My Jokes

Jim: My grandpa fought in the army during World War Two. He was an officer.

Me: Cool, what rank of officer?

Jim: SS.

Me:...

I don't understand those couples that fight and a minute later change their Facebook status to single.

I fight with my parents, but you don't see me change my status to "Orphan."

I come in from work to see my wife dead on the sofa. As I unzip for one last ride, she says, "BOO!" What kind of a dick fuck does that!

A priest asks a convicted murderer on the electric chair, "Do you have any last request?"

"Yes," said the murderer, "Will you hold my hand?"

I was born and raised in Newcastle.

My grandfather used to tell me stories about Penaldo, a goblin from Portugal that travels to England when Newcastle is playing. He scores a tapin and then disappears until the next Newcastle game. I still have nightmares that he’s in our stadium.

My dad said people shouldn’t get ribbons just for participating because it rewards them for losing.

So I took down his confederate flag.

10 years ago my dad said I should eat cereal with water until he comes back with the milk... I still eat cereal with water, sadly.

Child: Hello, I can’t find my dad.

Stranger: Oh, well when and where did you last see him?

Child: Oh, I remember, 5 years ago he went to get some milk here.
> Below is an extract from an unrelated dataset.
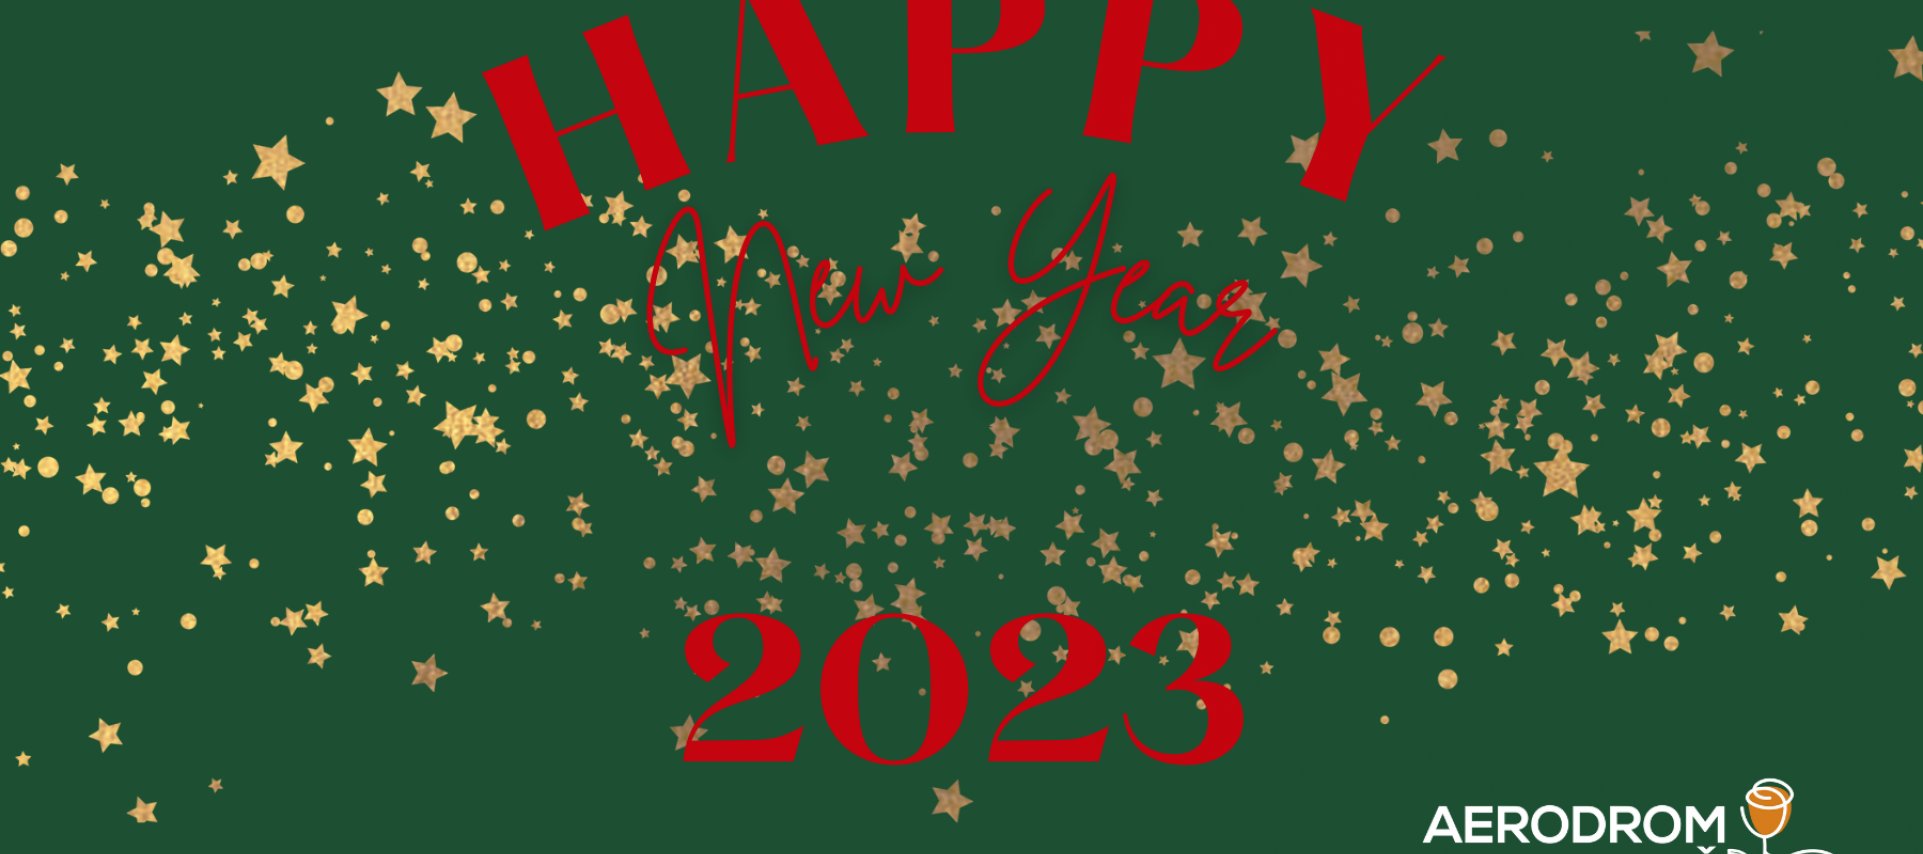 Happy New year 2023!

"Hey, hey, Spongebob! Water you doing?" [laughs]

"Just looking for all my coins with my metal detector because beach better have my money!" [laughs]
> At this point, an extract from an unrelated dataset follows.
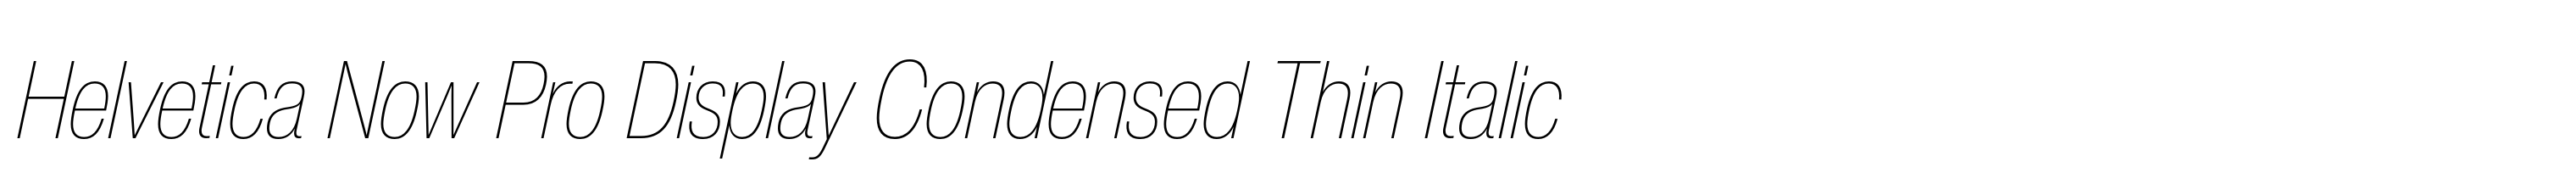 Helvetica Now Pro Display Condensed Thin Italic

"How much have you found so far?"

"Y'know what, I'm not really shore!" [laughs]

Bf: Hey, what ya doing?

Gf: Just lying in bed.

Bf: Just lying in bed?

Gf: And eating cereal.

Bf: Ha, nice, what would you do if I was in bed next to you...?

Gf: Eat my cereal.

Bf: I mean if the cereal wasn't there.

Gf: I'd get out of bed and get more cereal.

My Dad was mowing the grass today. I looked out the window and saw him slumped over the lawnmower. Apparently, he was just going through a rough patch.

My son said that bully needs a pounding, then I say, "Yeah, right, that is what I said and did to your mother." My son opens his mouth and freezes. I guess he knew what I was talking about.